家族の話を他人にしたことなんて、人生で一回もない。
....いや、話すべきだ。
愛日は全部俺に話してくれた。
だから俺も話すんだ。
「家族は、俺に興味がないんだ。家族って言っても、父親は俺が掌光病って分かってすぐ逃げたらしくて、母ちゃん一人。その母ちゃんは、昔は女手一つで必死に俺を育ててくれた。けど、最近はよく知らない男の人と出かけて、朝に帰ってくるか、暫く帰って来ない時もある。
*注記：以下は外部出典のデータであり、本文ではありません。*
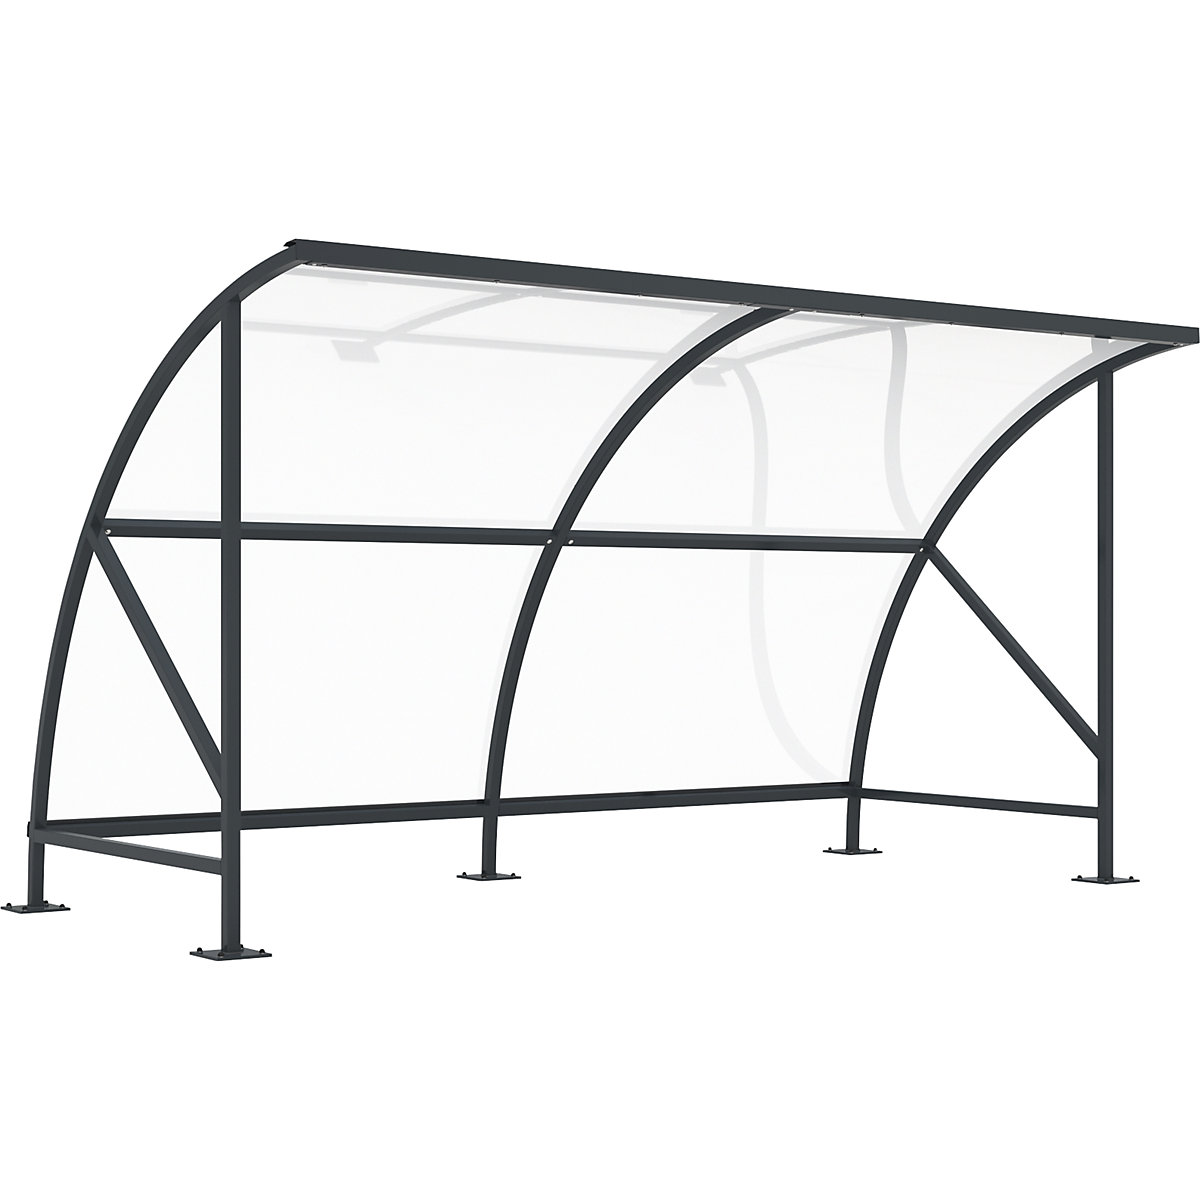 Bicycle shelter, made of polycarbonate, WxD 4130 x 2100 mm, charcoal RAL 7016-3
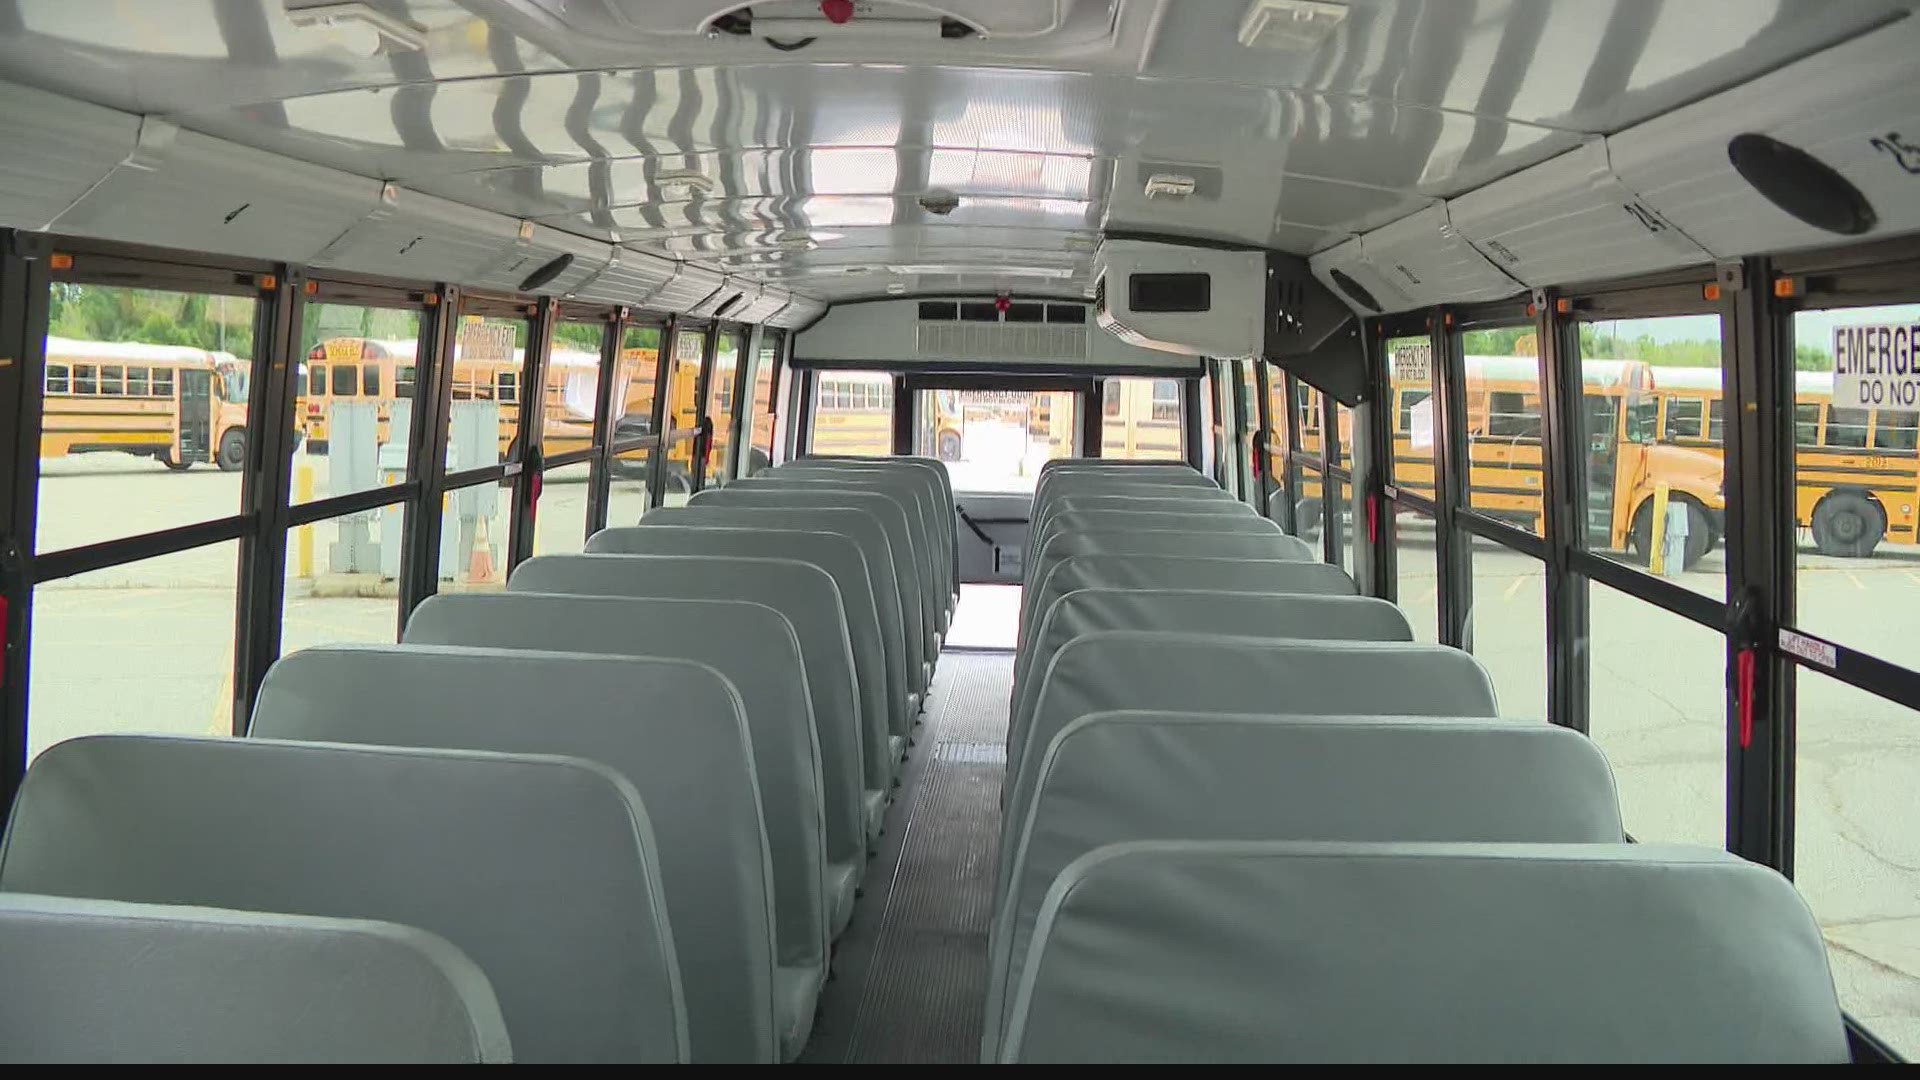 Local schools districts are now making plans to welcome students back to class safely on the school bus.

そんな母ちゃんでも、俺にはたった一人の家族だから、切り離せないんだ。......向こうはとっくに愛なんてないんだろうけどね。」
こんな話をするとき、俺はどんな表情をすればいいのか分からなかった。
けれど、横で愛日が聞いている。
それだけで、なんというか、もっと知ってほしいと思ってしまった。
「俺は、ずっとこの病気が憎くて、嫌いで、何回もこの病気がなかった人生を想像してた。けど、想像すればするほど、目の前の現実がどうしようもない物な気がして、辛かった。だから、その....、愛日が目を輝かせて俺の症状を凄いって言ってくれた時、初めて生きる意味を感じた気がした。つまり、めっちゃ嬉しかったんだ。」
いざ自分が話すとかなり気恥ずかしいと認識する。
愛日は微笑みながら俺の話を受け止めてくれた。
...すると、彼女は突然立ち上がり、両手で空を掻っ切った。
「...あーあ!!私たち、ほんっっとゴミみたいな世界に生まれちゃったね!!....けどさ、一人ぼっちの私たちが同じ場所に居るって事は、少なくとも二人ぼっちって事じゃない?しかも、二人共、普通じゃない力をもってるの!!なんかさ、私たちにできないことって無いんじゃないかなっ!」
愛日は元気よく声を張り上げて、俺に指をさす。
愛日のその言葉に、どこからともなく暖かさを感じた。
「二人ぼっち....いいね、それ。」
俺は笑いながら愛日と目を合わせる。
愛日は「でしょう?」と眩しい笑顔を向けてくれた。
「...今日から俺たちは二人ぼっちだ!!入替と消滅が揃ったら、最強だな!!ははははは!」
俺が笑うと、愛日も吹き出す。
広々としたリビングに二人の笑い声が満ちた。
(二人ぼっちか...)
今までクソみたいだった世界が少し、ほんの少しだけ、楽しげに見え始めた。